PhotoAt this point, it's a definite trend. Internet merchandise fraud was once again the top scam reported to the National Consumer League's (NCL) Fraud.org site last year, the fourth year in a row that's happened.

You probably know what they're talking about. You may have seen the ads for an iPhone 7 for $69 or other too-good-to-be-true offers. They pop up on websites lile Craigslist, but also on social media and even in internet forums.

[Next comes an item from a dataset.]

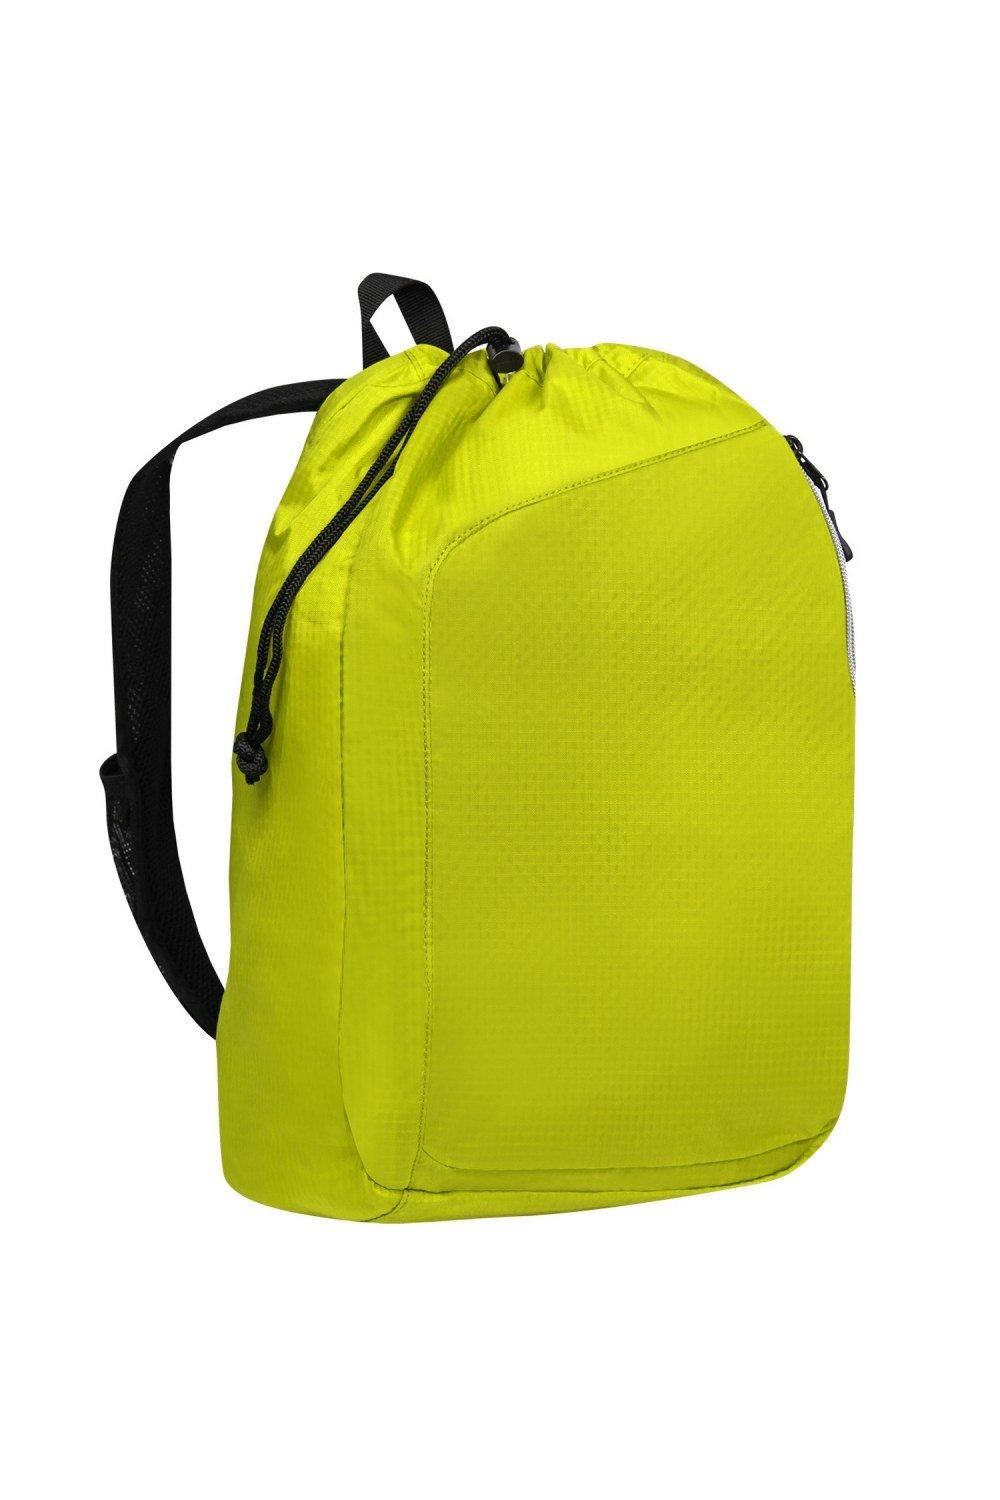 Рюкзак Endurance Sonic с одним ремнем Ogio, желтый сумка endurance pulse на шнурке ogio синий

And the problem seems to be getting worse. NCL reports the amount of money consumers lost to these scams last year rose significantly. In reported complaints, the median financial loss was $600, double the amount in 2015.

Romance scam most costly

The most costly internet scam, by far, was the romance scam. That's where a scammer meets a victim on a dating site and slowly builds a relationship before asking for money. The median loss in romance scams last year topped $2,000.

The internet has always been the "wild west," but John Breyault, vice president, public policy, telecommunications and fraud at the National Consumers League, says consumers have to be extra careful these days.

“The key to avoiding these merchandise scams is to shop around," he said. "If the price you’re being quoted is far below what reputable merchants are asking, that’s a red flag of fraud.”

Odd forms of payment

Breyault says consumers should not fixate on a bargain basement price because it isn't real. And if you are asked to pay in some odd way, like a wire transfer, that's a dead giveaway that you're being played.

Since so many consumers are now wise to the wire transfer gambit, and wire transfer services now aggressively watch for suspicious activity, Breyault says more scammers are turning to gift cards for payment.

It works the same way a wire transfer does, but it's even odder. After all, how many legitimate businesses do you know that want to be paid with a gift card?

But consumers fall for it. In 2016, Fraud.org reported a 30% increase in complaints where the payment method included gift cards. In these scams, a victim is told to put a certain amount of money on a gift or money card, then send the PIN and code to the scammer.

That should be a huge tip-off that you're dealing with a scammer, but too many people fall for it. You might say they're gullible, but more likely they are thinking too much about the huge savings they think they're getting and willingly suspend a healthy sense of disbelief all consumers shopping on the internet should have.